In some cases, however, you might find it hard to integrate — age, culture, language, and other factors can make for big barriers, Zangara says. "If that’s the case, try not to take it personally and recognize you have to focus on doing your work and cultivating friendships outside the workplace," she advises. “Continue to be friendly and see if there are any similarities or common interests that you can talk to them about.” And if everyone’s laughing at an inside joke that you don’t get, try emailing your outside-of-work friends for a quick pick-me-up.

You Overhear Work Friends Talking About You

You Overhear Work Friends Talking About You

Don't just hide in the bathroom stall/behind the vending machine/next to a large potted plant and listen to your friends gossip. But that doesn’t mean you need to confront them. "You can come out [and] greet everyone, and your mere presence will let them know you heard what they said," Tessina says. If you feel the urge to say something more, try something like, “I’m honored to be the topic of so much conversation,” Tessina suggests. Then walk away.  

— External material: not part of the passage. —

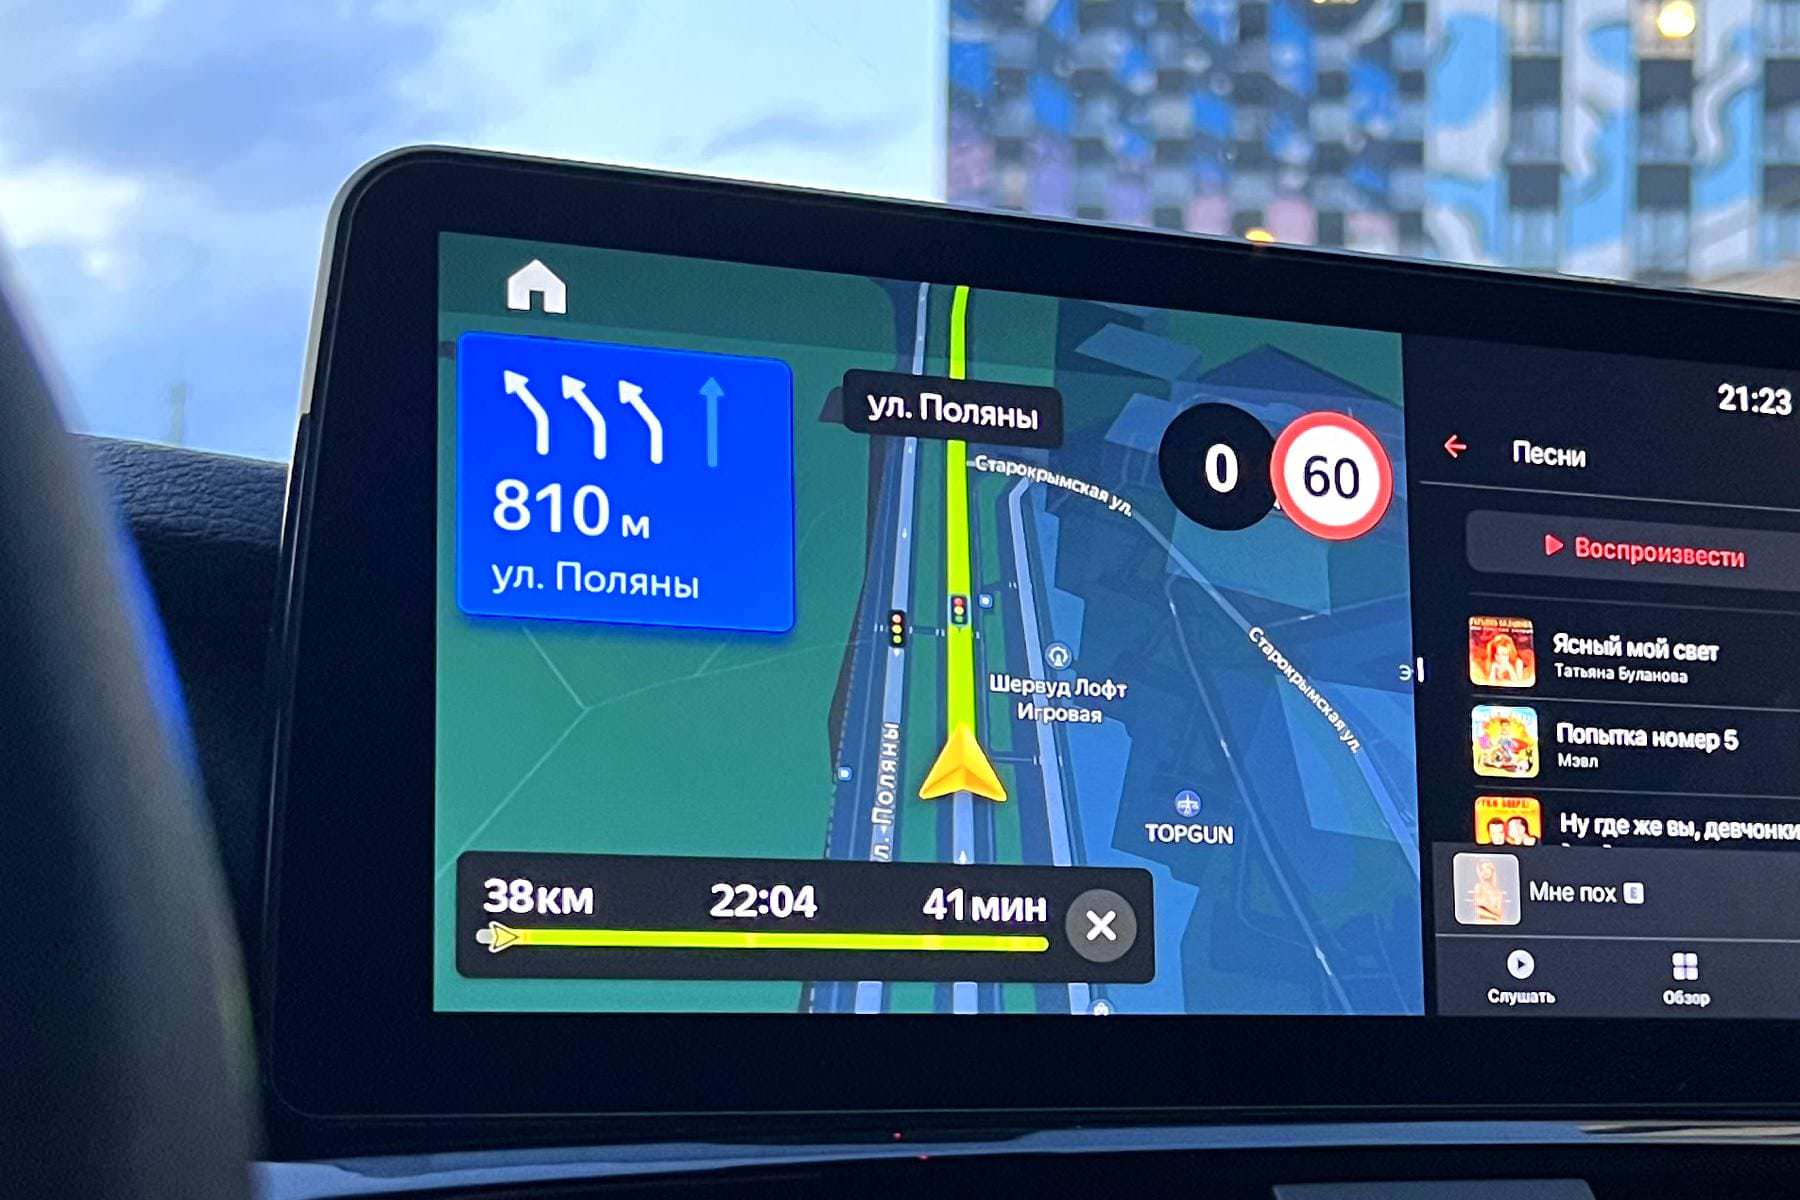 «Яндекс Карты» и «Яндекс Навигатор» теперь могут работать без GPS. Вот как обойти блокировку в Москве и России

Afterward, give yourself time to cool off and keep your distance. "Give those people 'adult time-outs,' and retreat to politeness," Tessina advises. '"Do anything you need to do for work, but do not interact in an overtly friendly way." If these people are really your friends, they'll apologize for being catty and come to you directly next time they have a problem.

You Pick Up the Tab on Coffee Runs and Your Friend Never Does

You Pick Up the Tab on Coffee Runs and Your Friend Never Does

The first rule of lending money is that you should never offer funds you need or expect to get back, Masini says. You have to assume that if you pay the check for someone, you run the risk of never getting the same in return.

 

That said, your friend may be super forgetful and simply not realize she's not reciprocating when it's time for your 3 pm caffeine fix. Or getting you back just might not be a priority. “Sometimes people borrow money with no intention of paying it back," Masini says. "They think that $20 doesn’t matter to them, so it shouldn’t matter to you."

The next time you go out for a coffee, break the pattern by saying, "Hey, do you mind getting this round? I picked up the last couple." Sure, it may feel weird at first, but chances are she'll acquiesce and realize she's been mooching.